EXERCISE AIM →
When you reach the line holding "Name of the", please begin to restate the lines word for word and continue through the last one in the material, excluding pictures.

COLLECTED DATA →
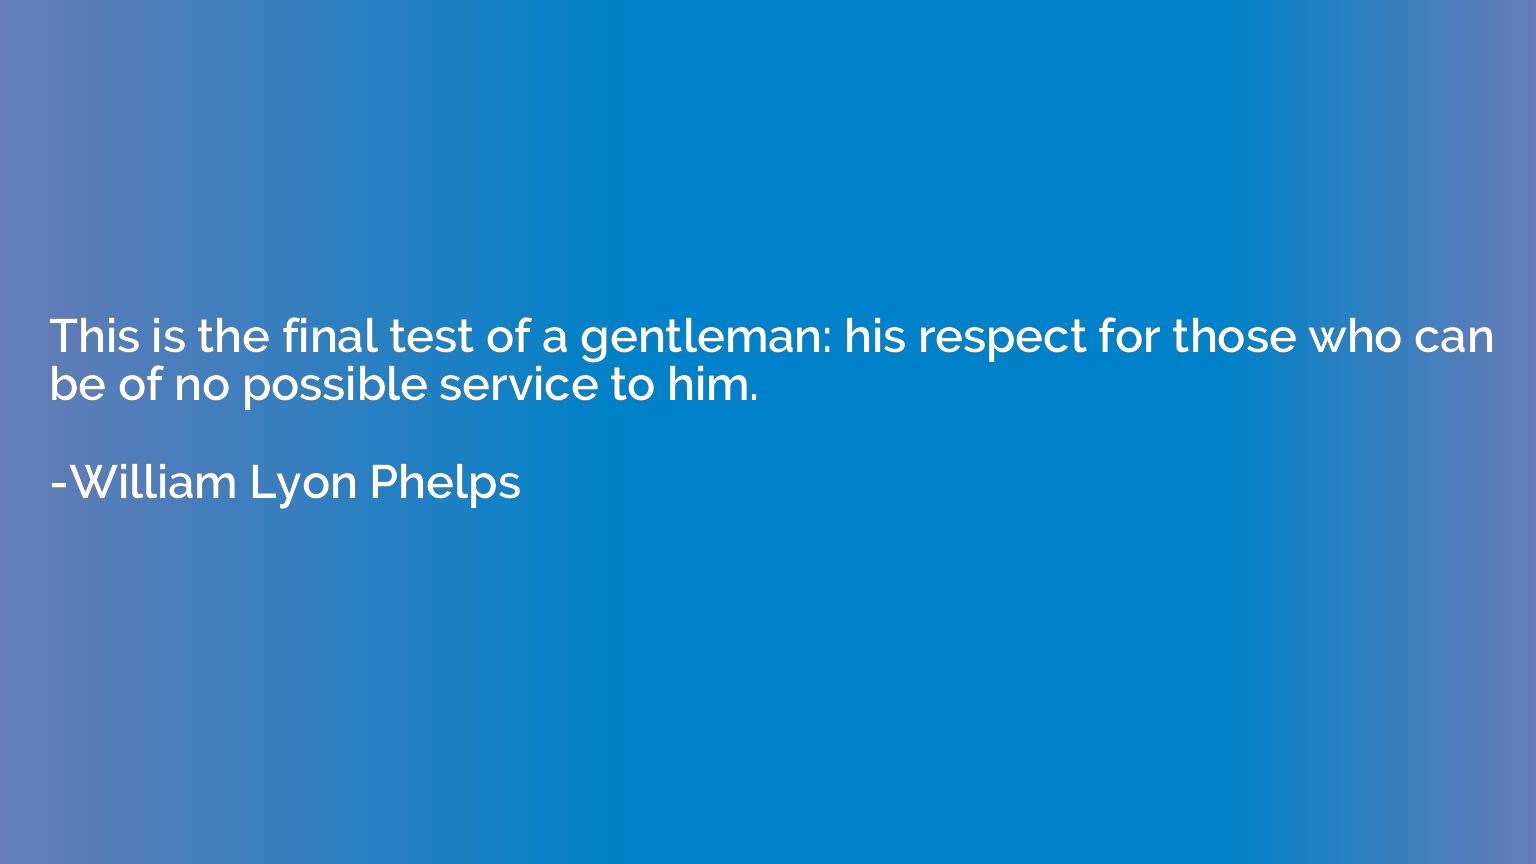 This is the final test of a gentleman: his respect for those
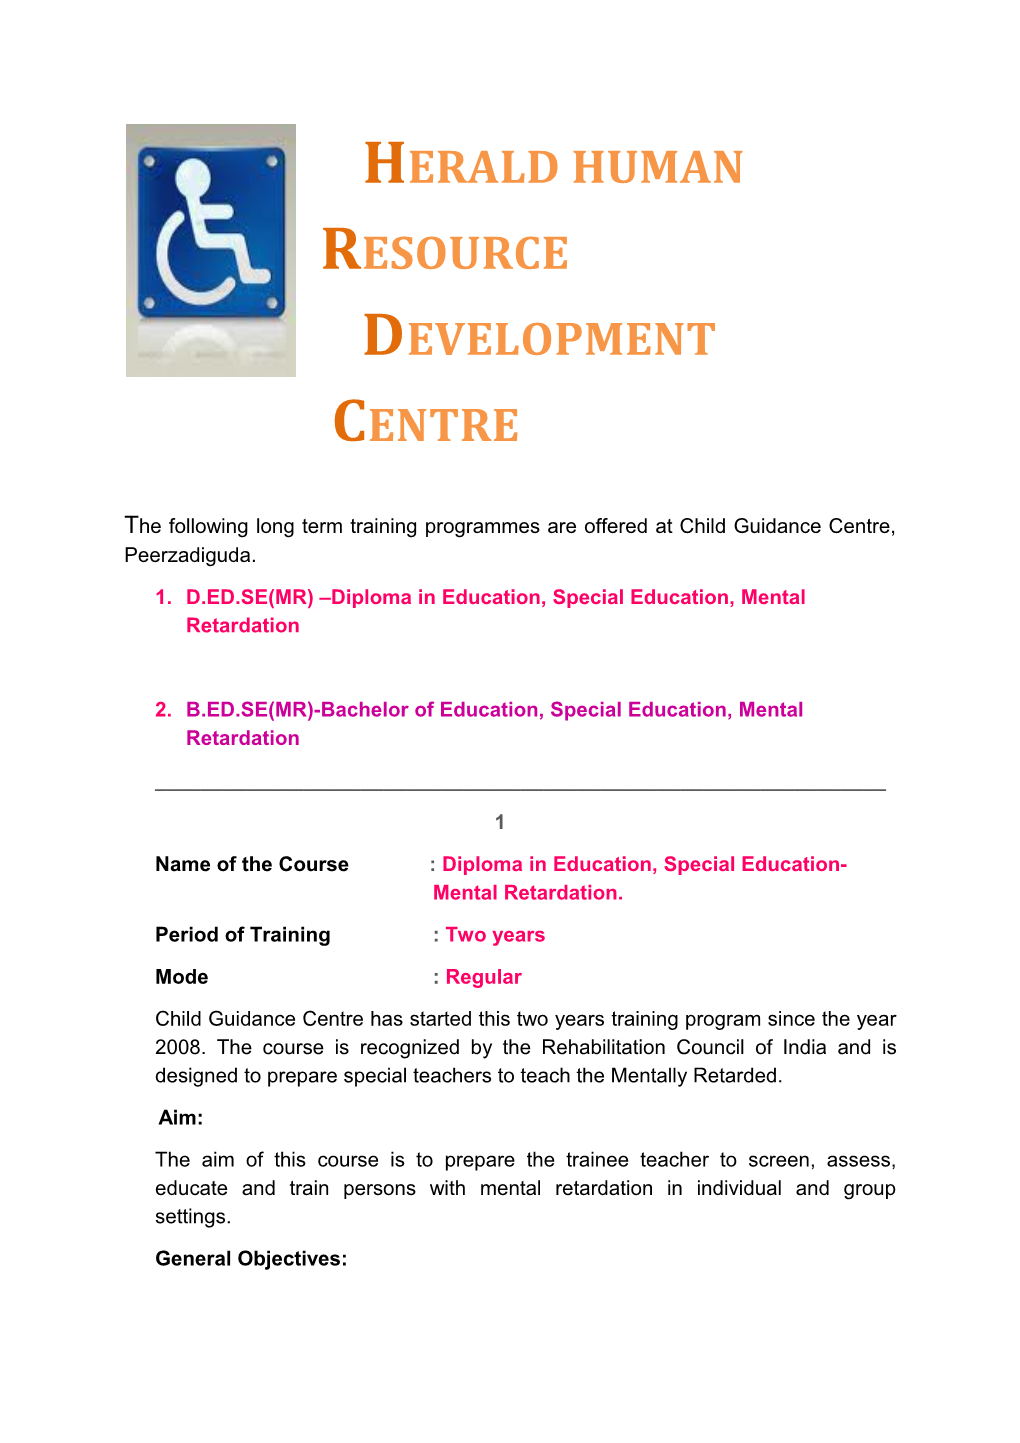 Name of the Course : Diploma in Education, Special Education-Mental Retardation
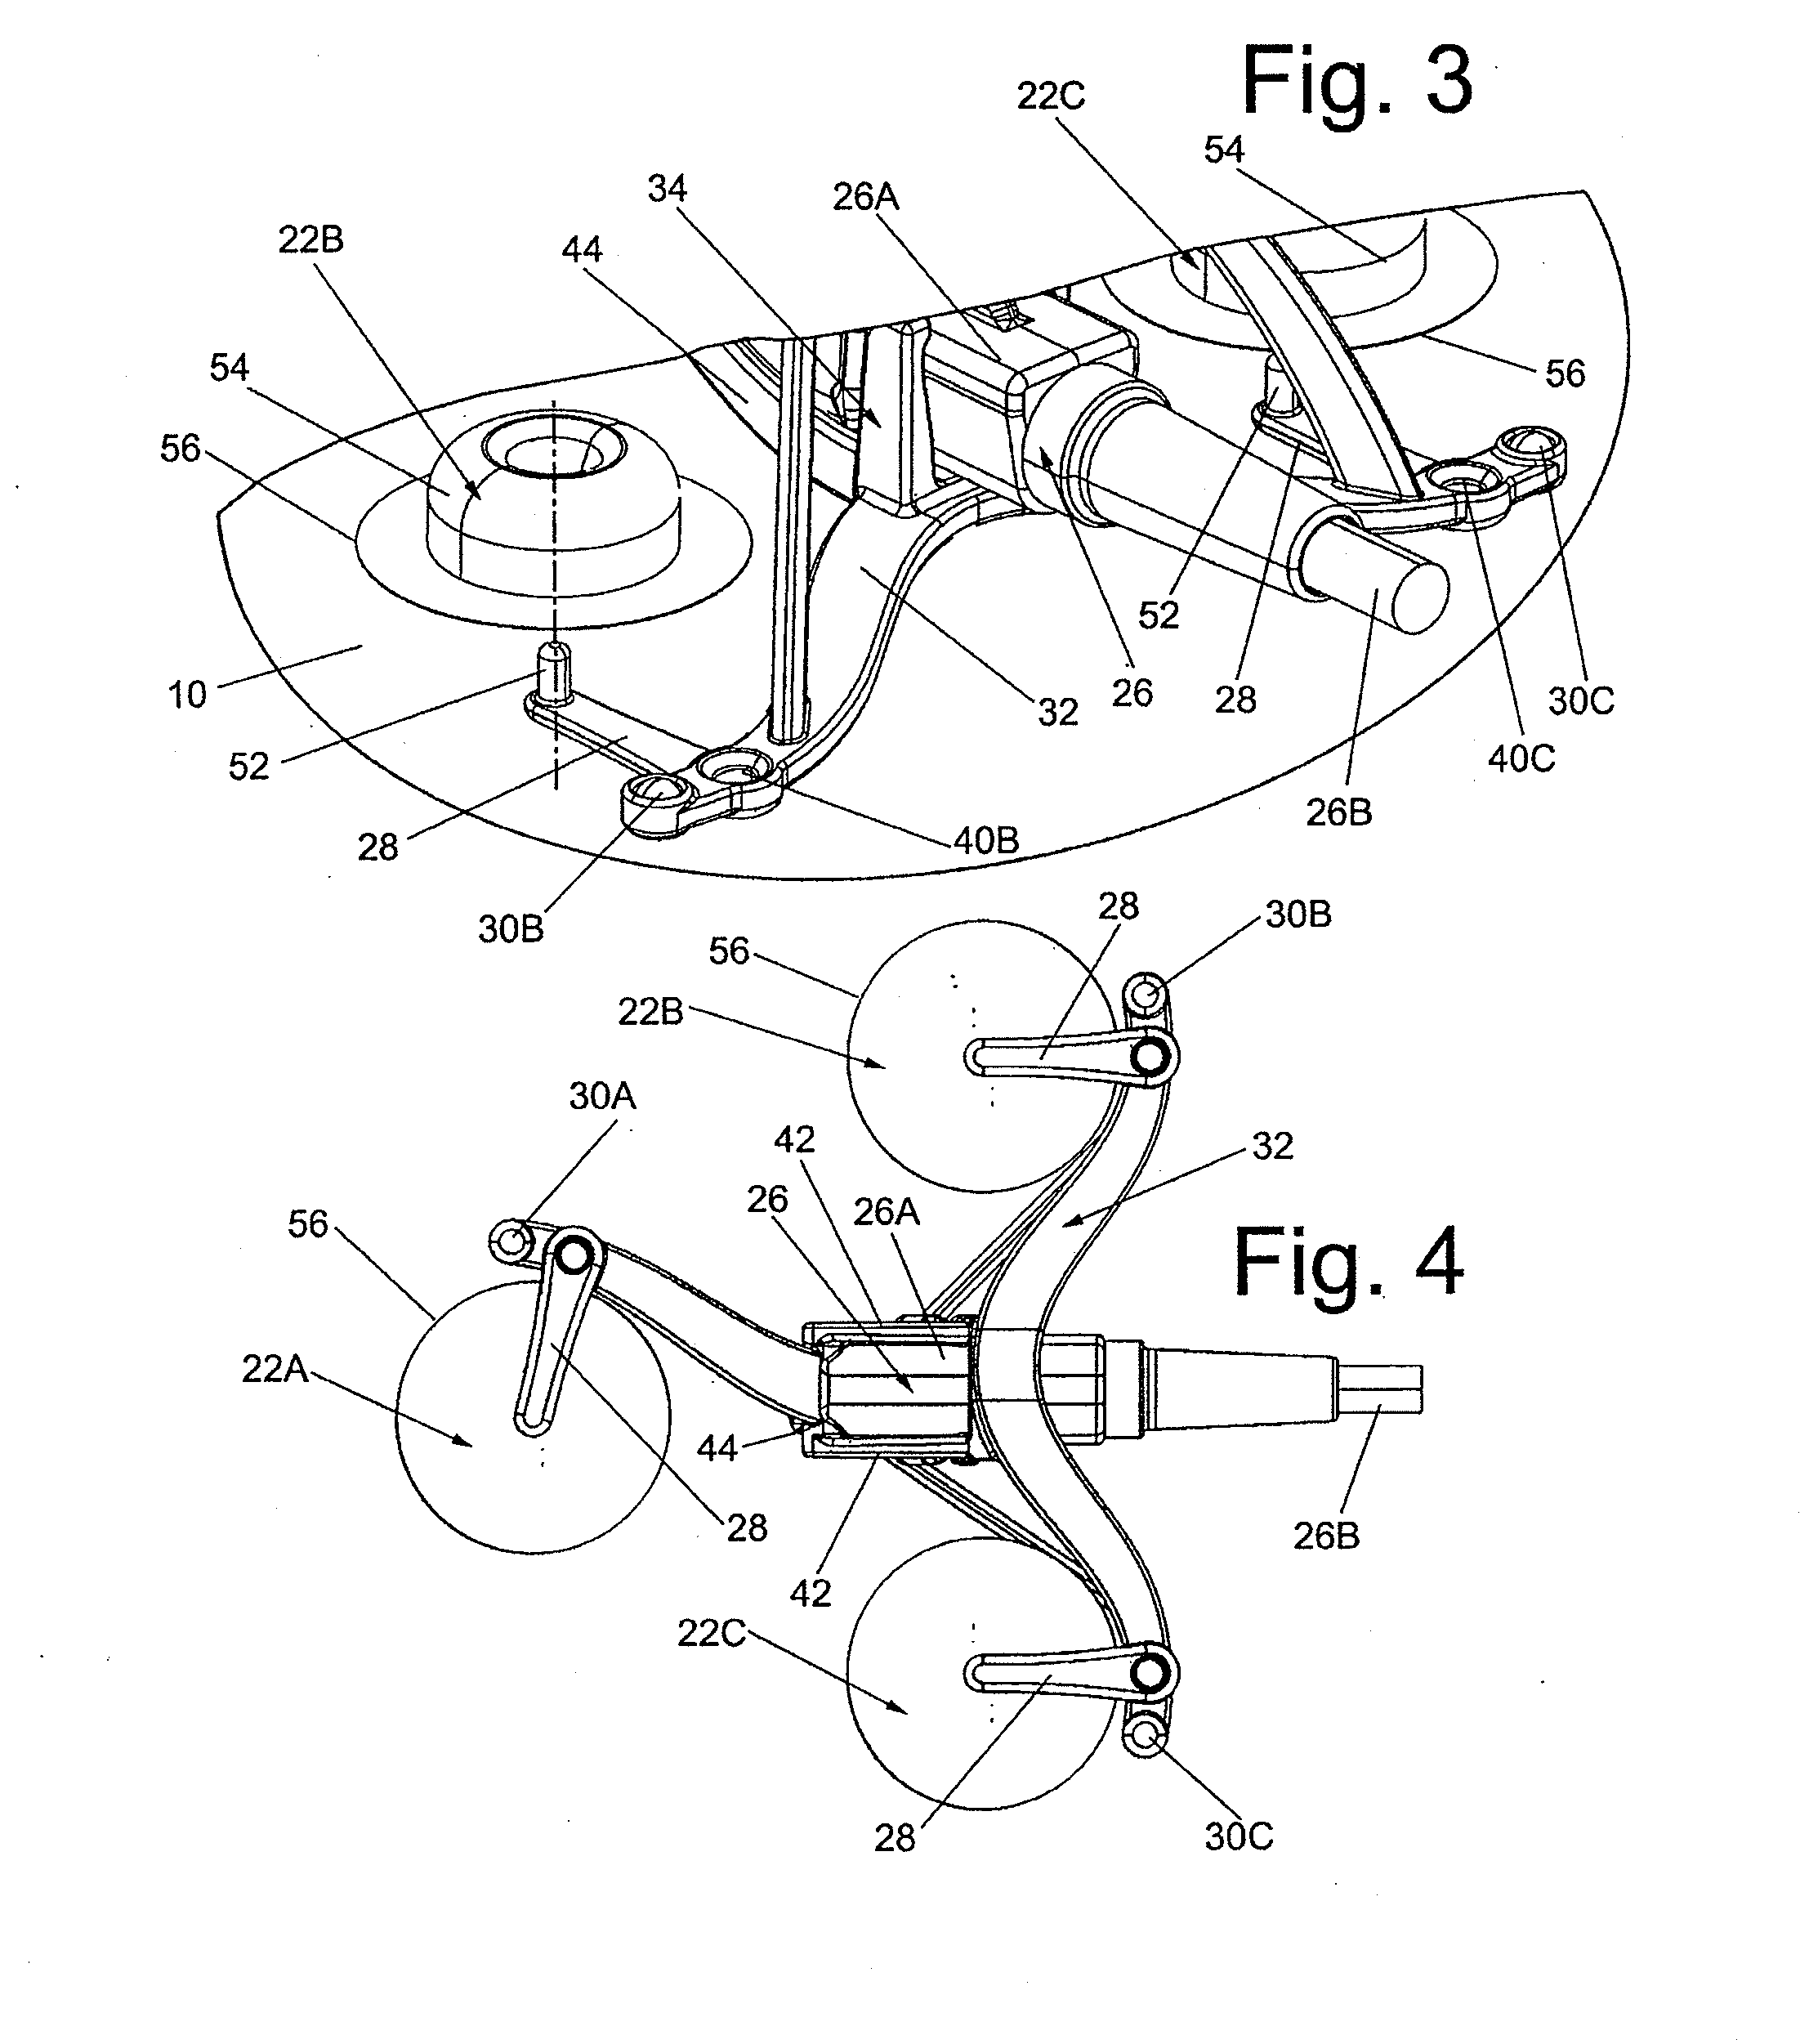 Active marker device for use in electromagnetic tracking system

RESPONSE TO THE EXERCISE →
 Name of the Course : Diploma in Education, Special Education-Mental Retardation
 Active marker device for use in electromagnetic tracking system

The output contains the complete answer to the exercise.